__DATA PROVIDED__.
------------
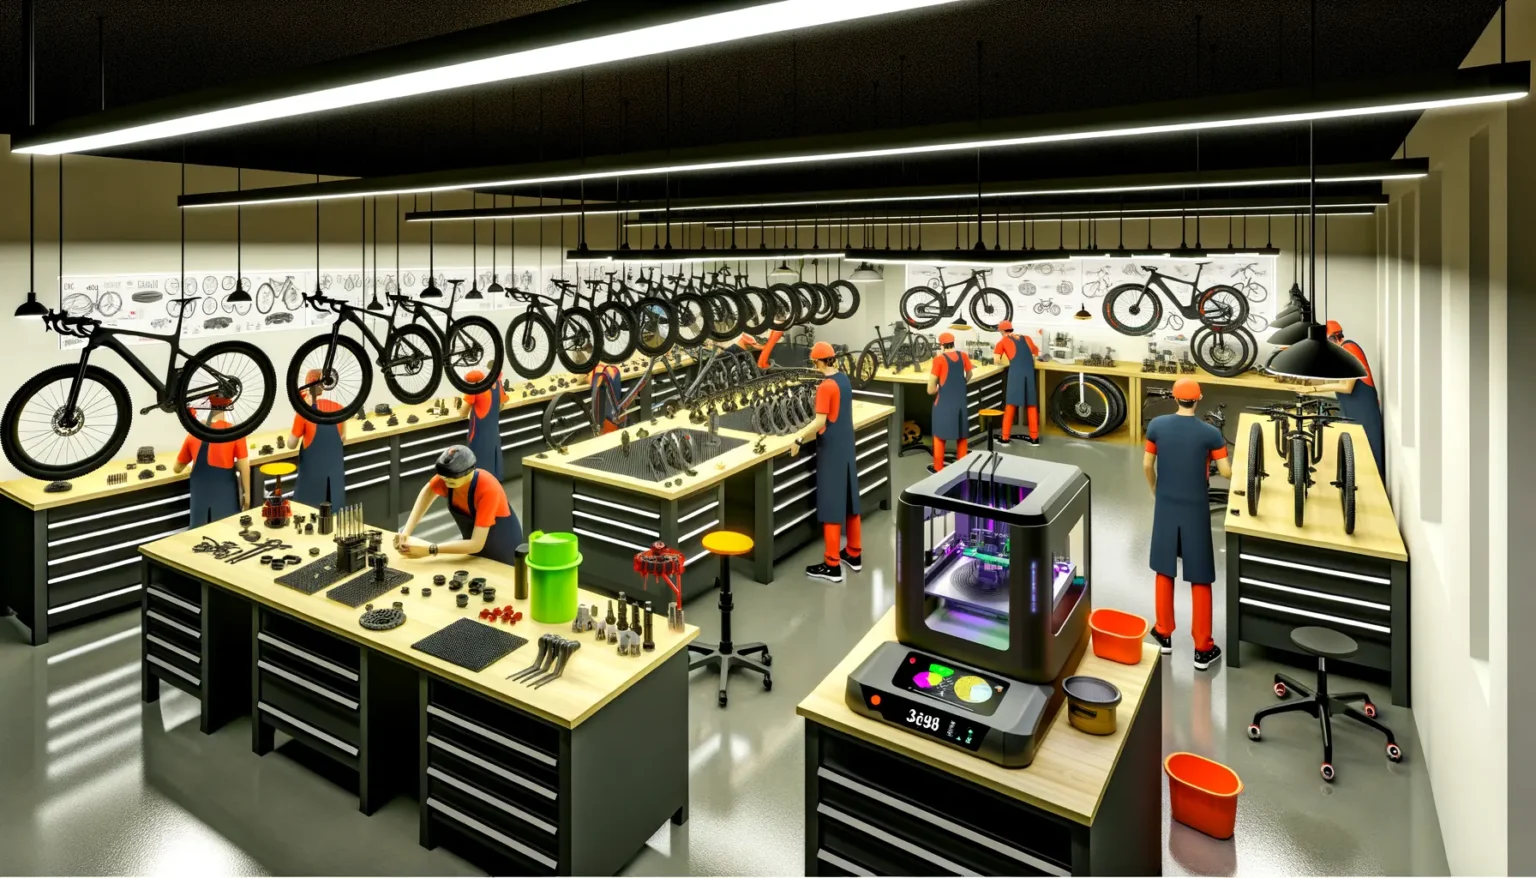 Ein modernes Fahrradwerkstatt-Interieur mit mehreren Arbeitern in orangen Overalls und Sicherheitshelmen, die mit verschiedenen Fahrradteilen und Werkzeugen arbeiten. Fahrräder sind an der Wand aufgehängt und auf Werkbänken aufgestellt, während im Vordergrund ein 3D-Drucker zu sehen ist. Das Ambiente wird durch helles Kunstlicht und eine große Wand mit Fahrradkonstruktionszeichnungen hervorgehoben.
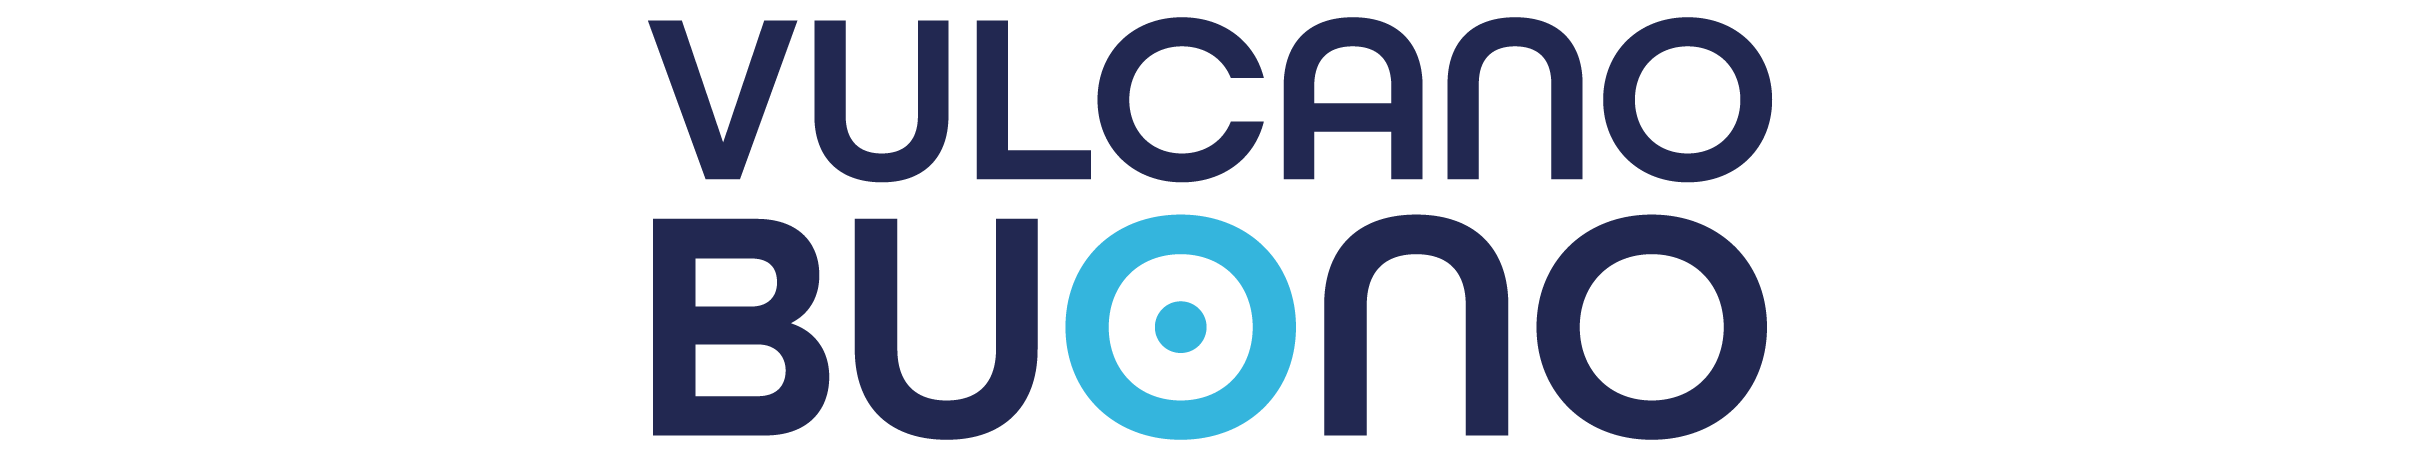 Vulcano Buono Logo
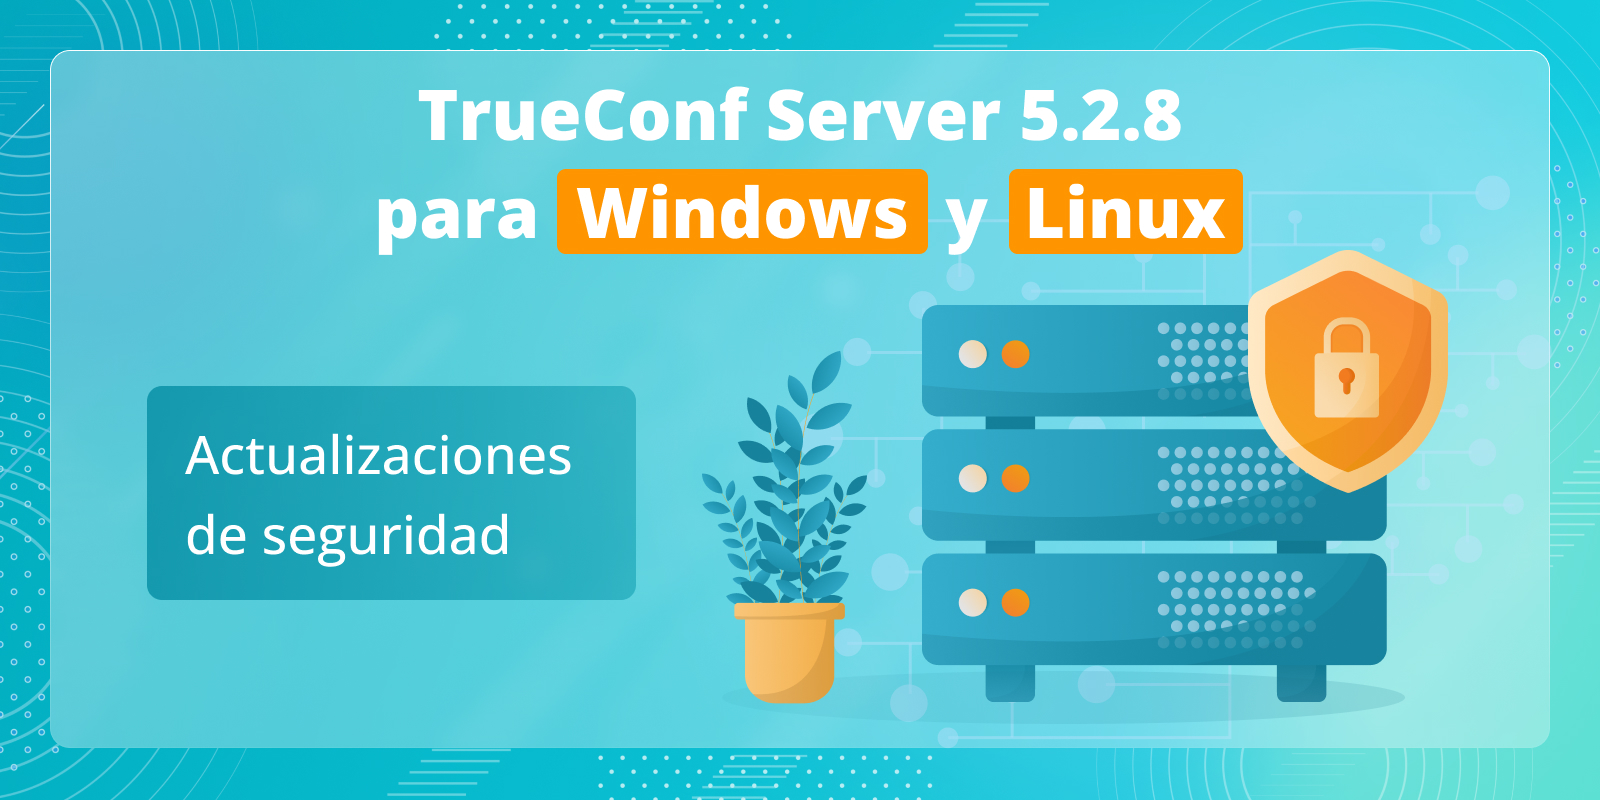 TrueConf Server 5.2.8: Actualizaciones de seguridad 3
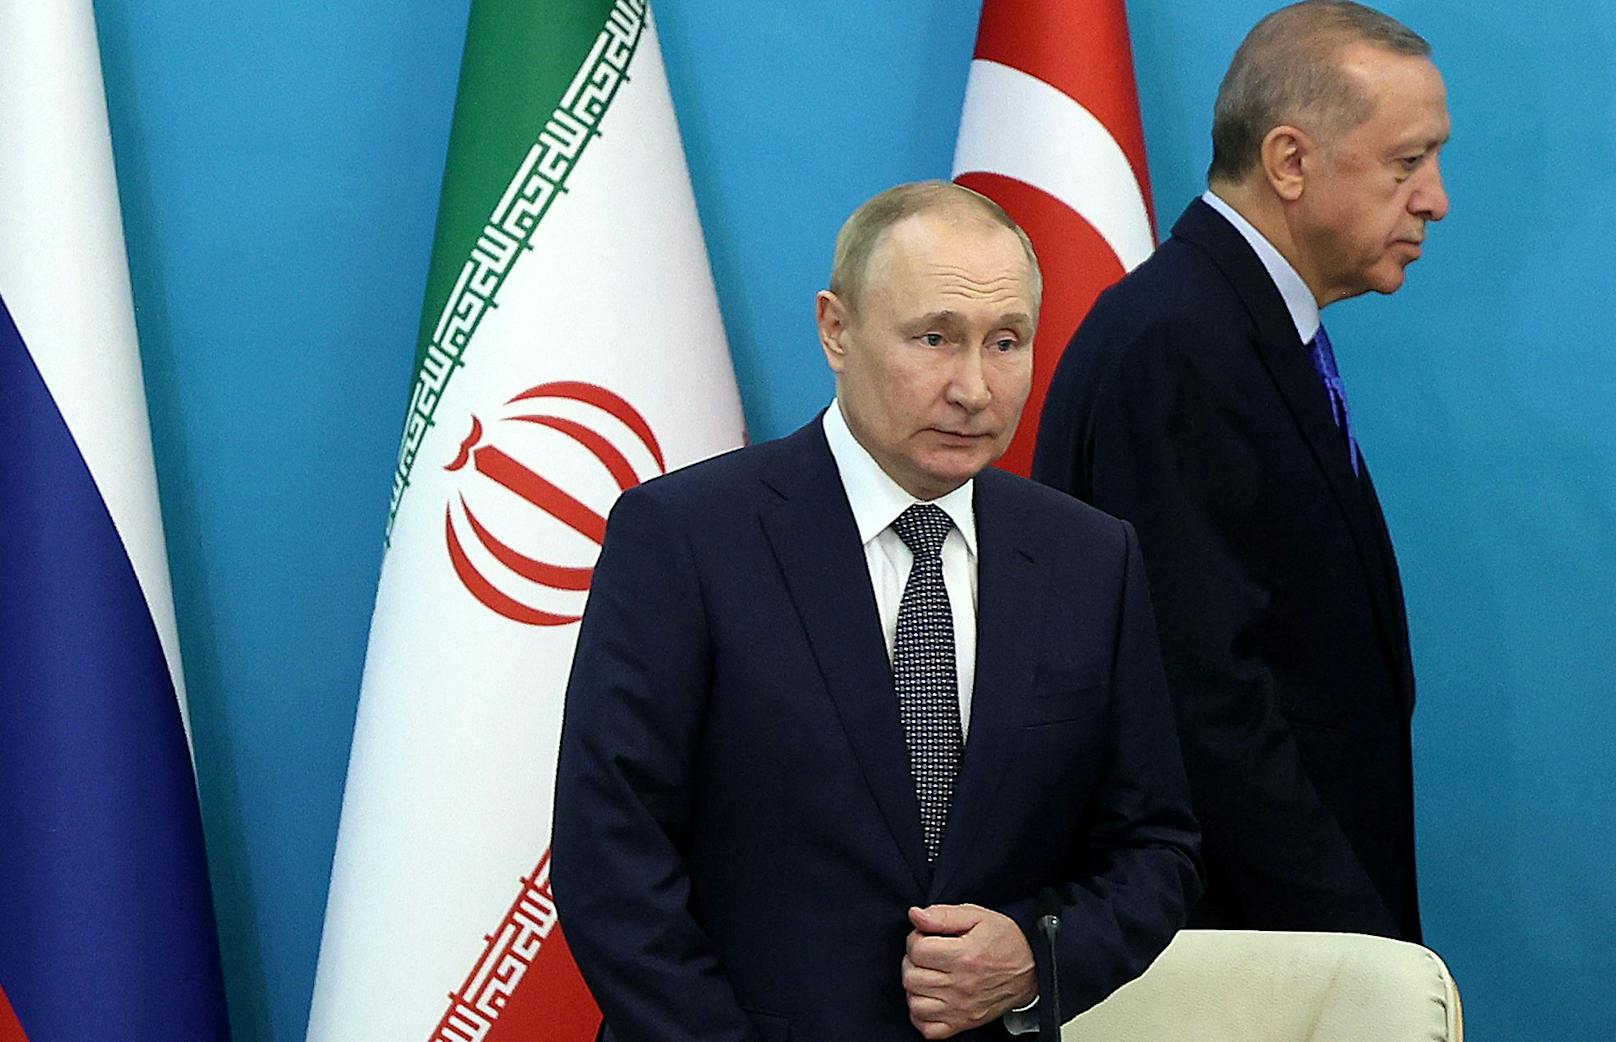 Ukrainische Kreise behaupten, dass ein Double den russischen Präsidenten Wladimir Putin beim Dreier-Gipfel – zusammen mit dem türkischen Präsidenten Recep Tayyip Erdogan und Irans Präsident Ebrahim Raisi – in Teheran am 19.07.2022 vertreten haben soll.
------------
__PROBLEM STATEMENT__. The response is the full listing, copied exactly, with the pictures omitted.

__RESPONSE FOR THIS EXERCISE__.
 Ein modernes Fahrradwerkstatt-Interieur mit mehreren Arbeitern in orangen Overalls und Sicherheitshelmen, die mit verschiedenen Fahrradteilen und Werkzeugen arbeiten. Fahrräder sind an der Wand aufgehängt und auf Werkbänken aufgestellt, während im Vordergrund ein 3D-Drucker zu sehen ist. Das Ambiente wird durch helles Kunstlicht und eine große Wand mit Fahrradkonstruktionszeichnungen hervorgehoben.
 Vulcano Buono Logo
 TrueConf Server 5.2.8: Actualizaciones de seguridad 3
 Ukrainische Kreise behaupten, dass ein Double den russischen Präsidenten Wladimir Putin beim Dreier-Gipfel – zusammen mit dem türkischen Präsidenten Recep Tayyip Erdogan und Irans Präsident Ebrahim Raisi – in Teheran am 19.07.2022 vertreten haben soll.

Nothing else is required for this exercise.